The distance from the bob of the pendulum to the wall varies in a periodic way that can be modeled by a trigonometric function. The modeling function has period 0.8 seconds, amplitude 6cm, and midline H=15cm. At time t=0.2, the bob is at its midline, moving towards the wall. Find the formula of the trigonometric function that models the distance H between the bob and the wall after t seconds. Define the function using radians.H(t)=−(2π)+1?What is the distance from the pendulum to the wall after 0.5 seconds? Round your answer, if necessary, to two decimal places.
Q. The distance from the bob of the pendulum to the wall varies in a periodic way that can be modeled by a trigonometric function. The modeling function has period 0.8 seconds, amplitude 6cm, and midline H=15cm. At time t=0.2, the bob is at its midline, moving towards the wall. Find the formula of the trigonometric function that models the distance H between the bob and the wall after t seconds. Define the function using radians.H(t)=−(2π)+1?What is the distance from the pendulum to the wall after 0.5 seconds?
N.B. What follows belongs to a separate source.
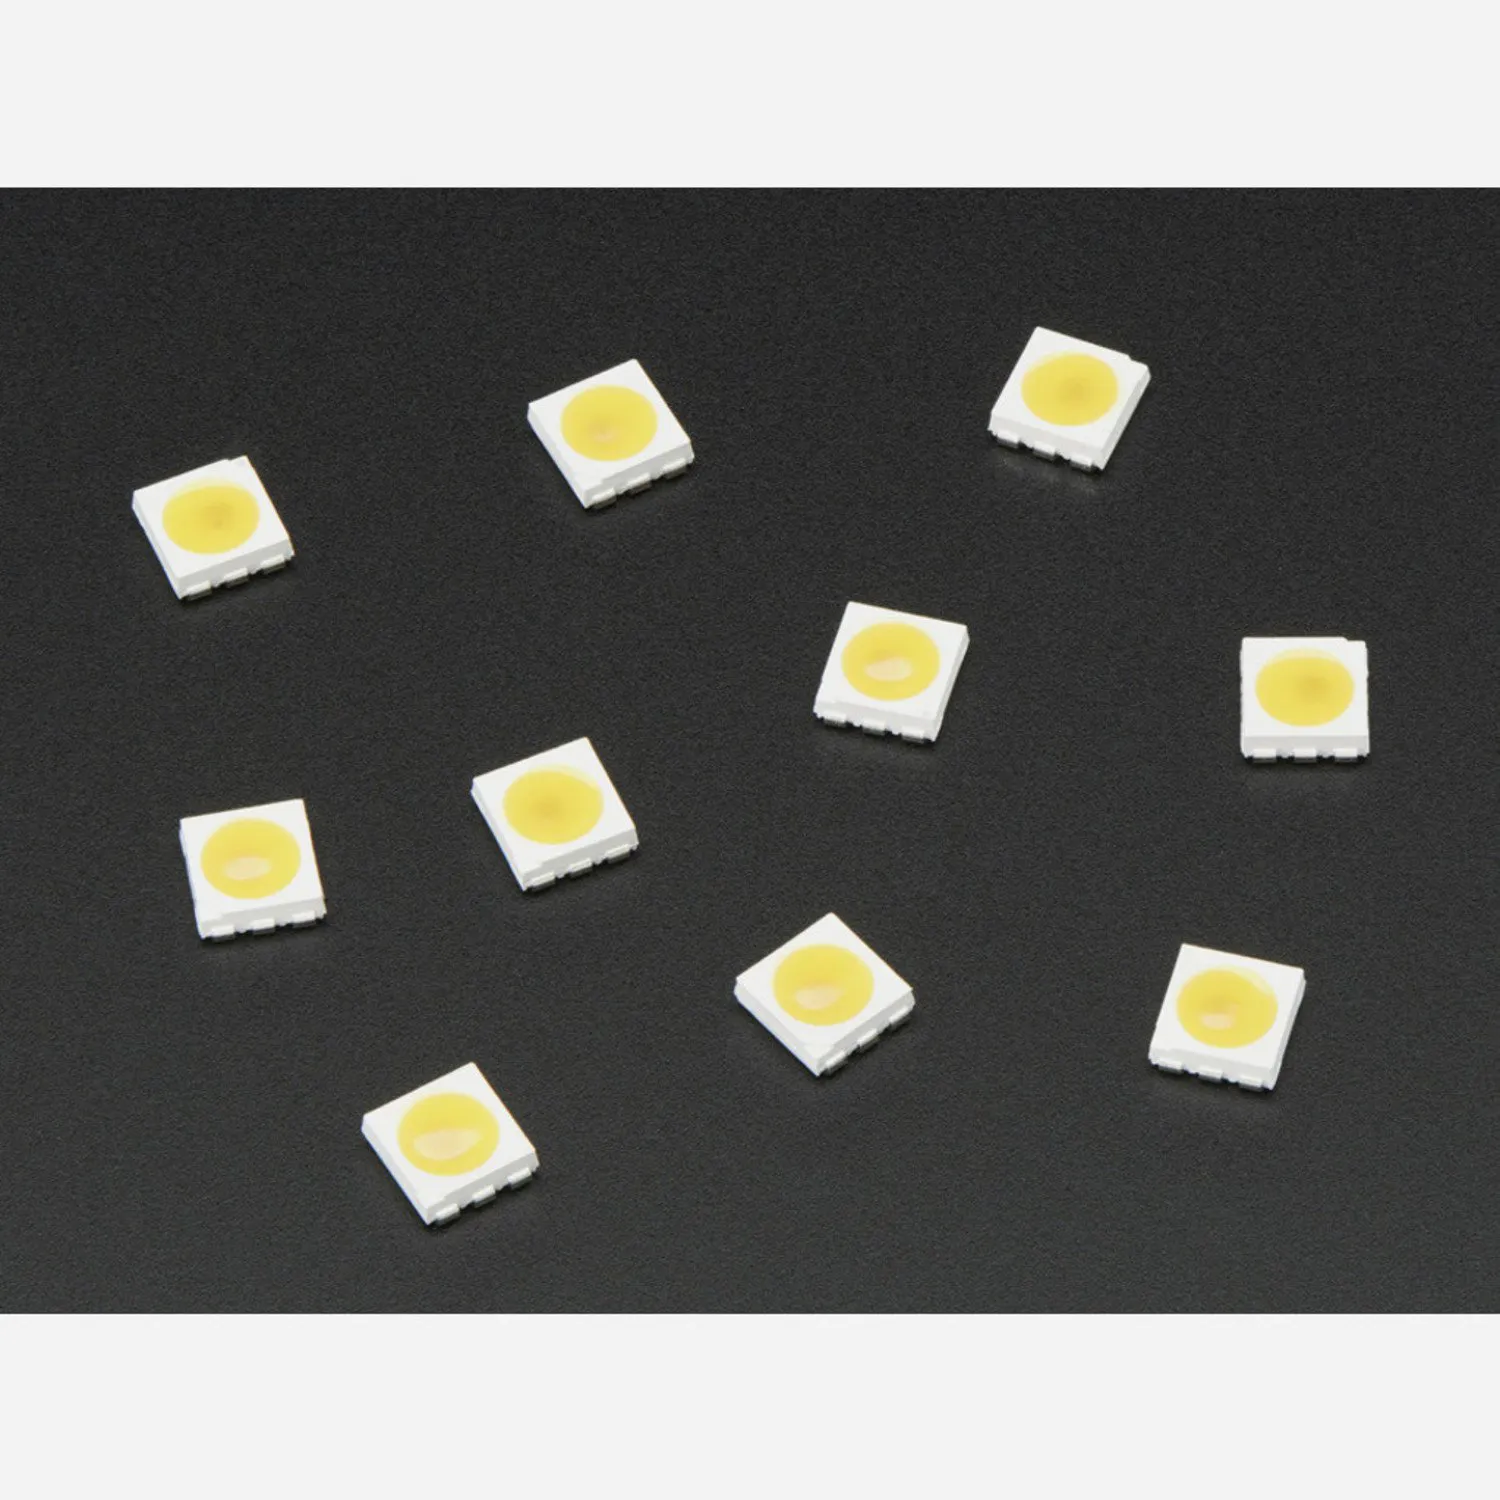 Photo of APA102 5050 Warm White LED w/ Integrated Driver Chip - 10 Pack [~3000K]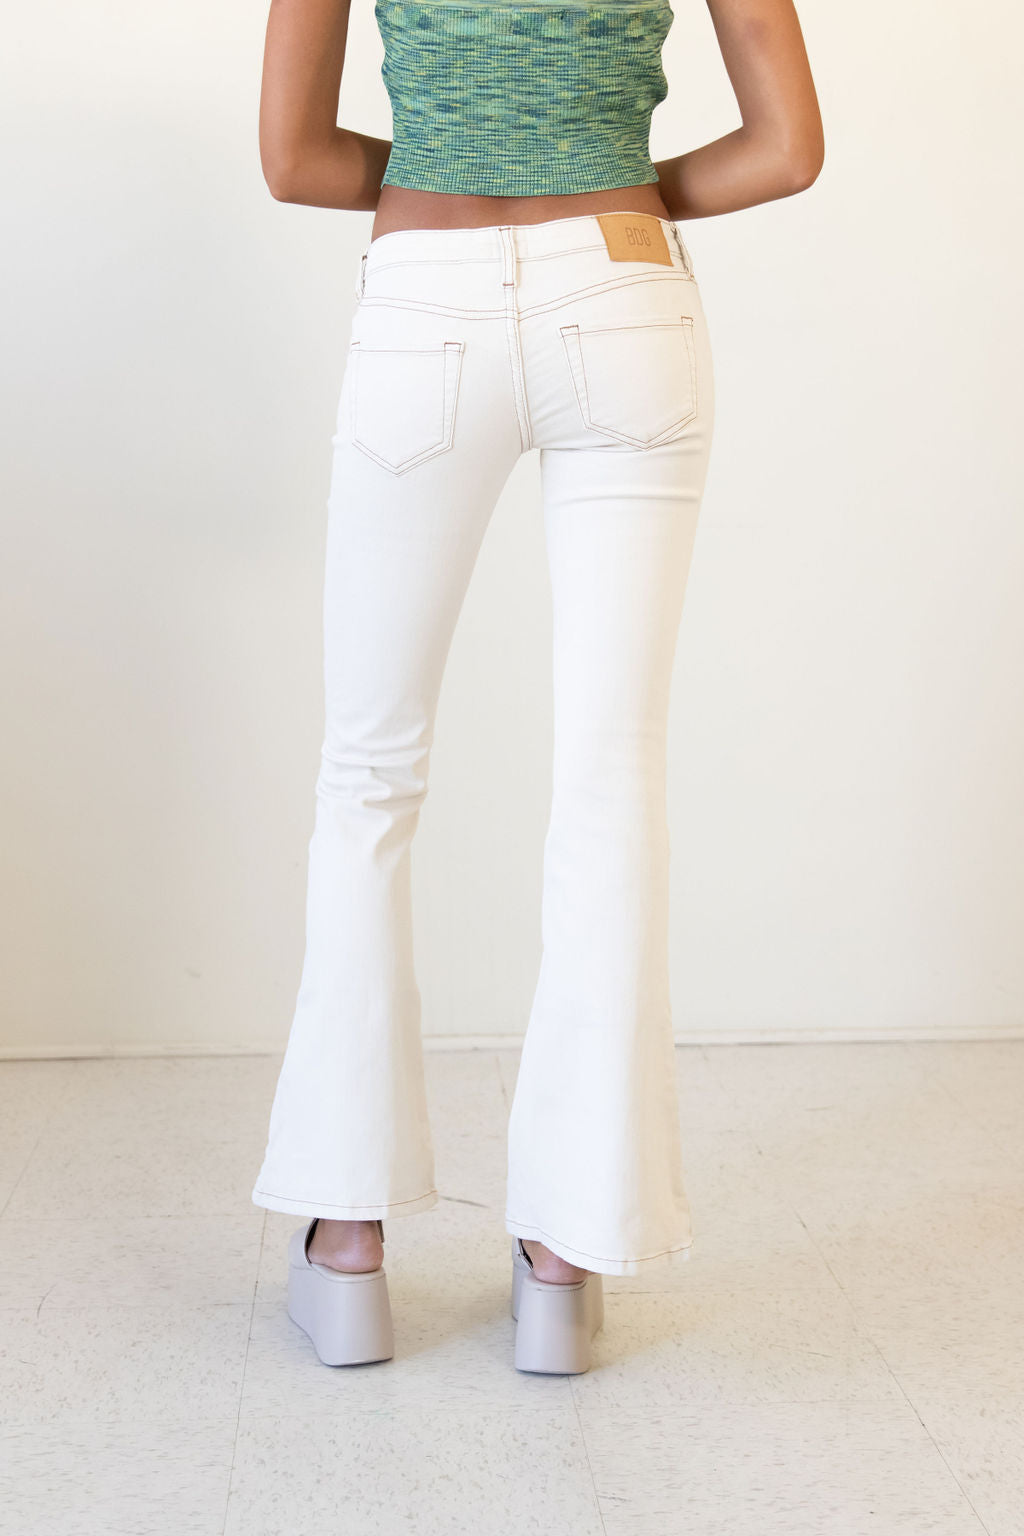 Low Rise Flare Jeans by BDG

Round your answer, if necessary, to two decimal places.
Identify Amplitude and Midline: To find the formula of the trigonometric function that models the distance H between the bob and the wall after t seconds, we need to consider the given information: the period is 0.8 seconds, the amplitude is 6 cm, the midline is at H=15 cm, and at t=0.2 seconds the bob is at its midline, moving towards the wall. Since the bob is moving towards the wall, we need a cosine function that starts at the midline and goes towards the maximum. The general form of a cosine function is H(t)=Acos(B(t−C))+D, where A is the amplitude, B is related to the period, C is the phase shift, and t0 is the vertical shift (midline).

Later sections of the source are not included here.